Data used in this evaluation were obtained from reviews with Abraxas personnel, Abraxas files, from records on file with the appropriate regulatory agencies, and from public sources. In the preparation of this report we have relied, without independent verification, upon such information furnished by Abraxas with respect to property interests, production from such properties, current costs of operation and development, current prices for production, agreements relating to current and future operations and sale of production, and various other information and data that were accepted as represented. A field examination of the properties was not considered necessary for the purposes of this report.


Methodology and Procedures
Estimates of reserves were prepared by the use of appropriate geologic, petroleum engineering, and evaluation principles and techniques that are in accordance with practices generally recognized by the petroleum industry as presented in the publication of the Society of Petroleum Engineers entitled “Standards Pertaining to the Estimating and Auditing of Oil and Gas Reserves Information (Revision as of February 19, 2007).” The method or combination of methods used in the analysis of each reservoir was tempered by experience with similar reservoirs, stage of development, quality and completeness of basic data, and production history.

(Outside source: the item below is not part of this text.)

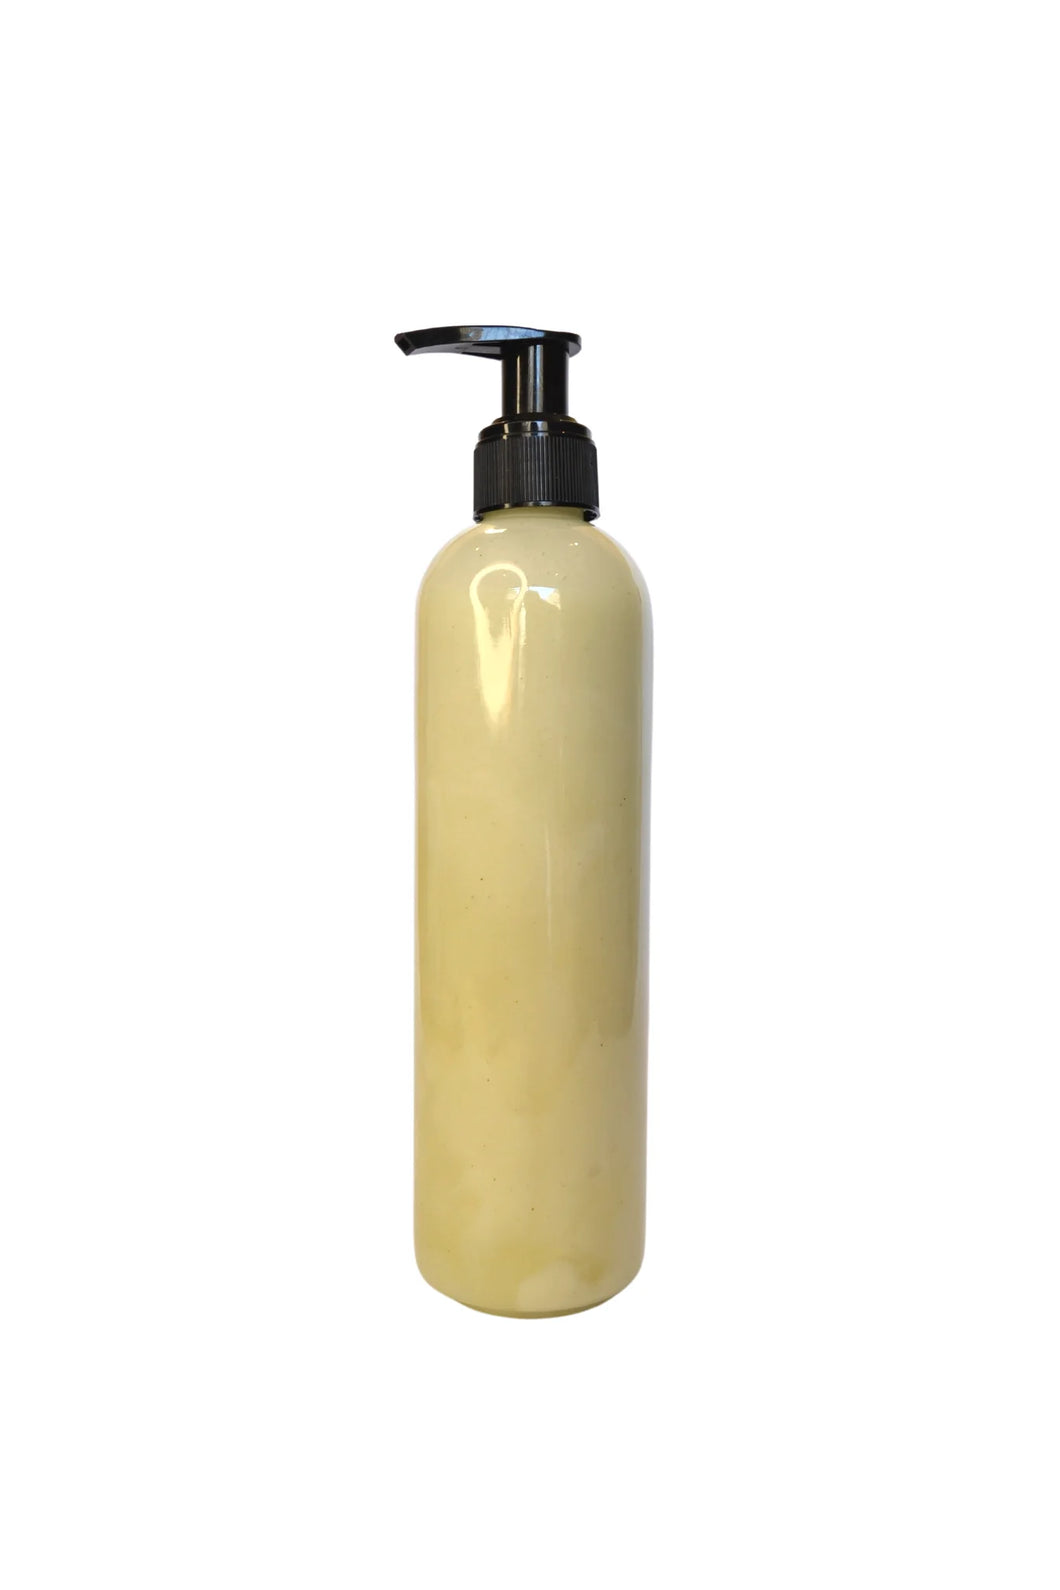 Moringa and lemongrass shower gel / body wash for glowing skin / anti aging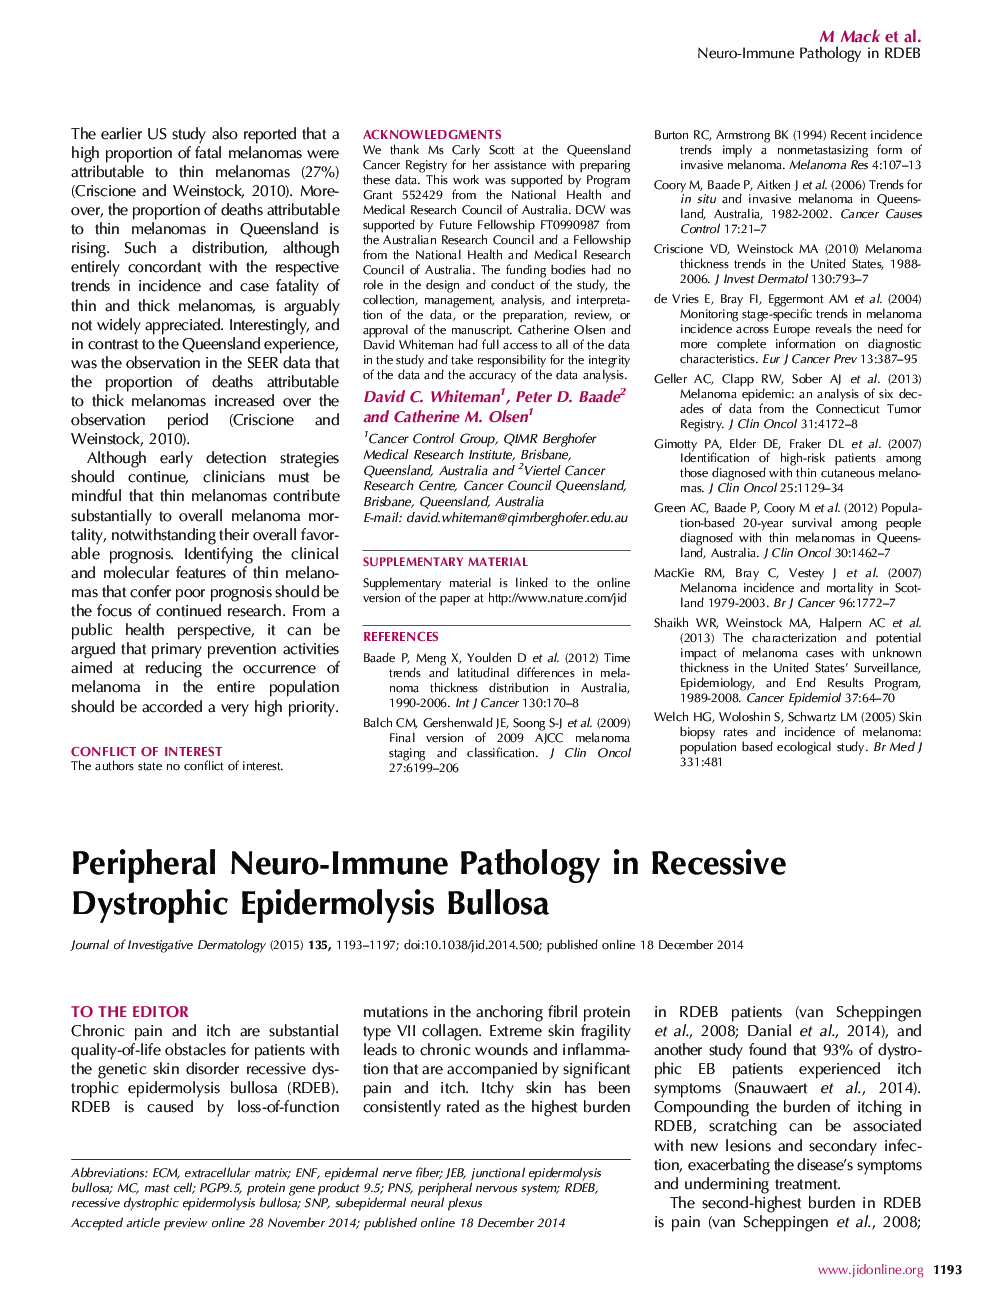 Peripheral Neuro-Immune Pathology in Recessive Dystrophic Epidermolysis Bullosa

An analysis of reservoir performance, including production rate, reservoir pressure, and gas-oil ratio behavior, was used in the estimation of reserves. Most of the undeveloped reserves were estimated by analogy to similar wells or offset wells.

For depletion-type reservoirs or those whose performance disclosed a reliable decline in producing-rate trends or other diagnostic characteristics, reserves were estimated by the application of appropriate decline curves or other performance relationships. In the analyses of production‑decline curves, reserves were estimated only to the limits of economic production or to the limit of the production licenses as appropriate.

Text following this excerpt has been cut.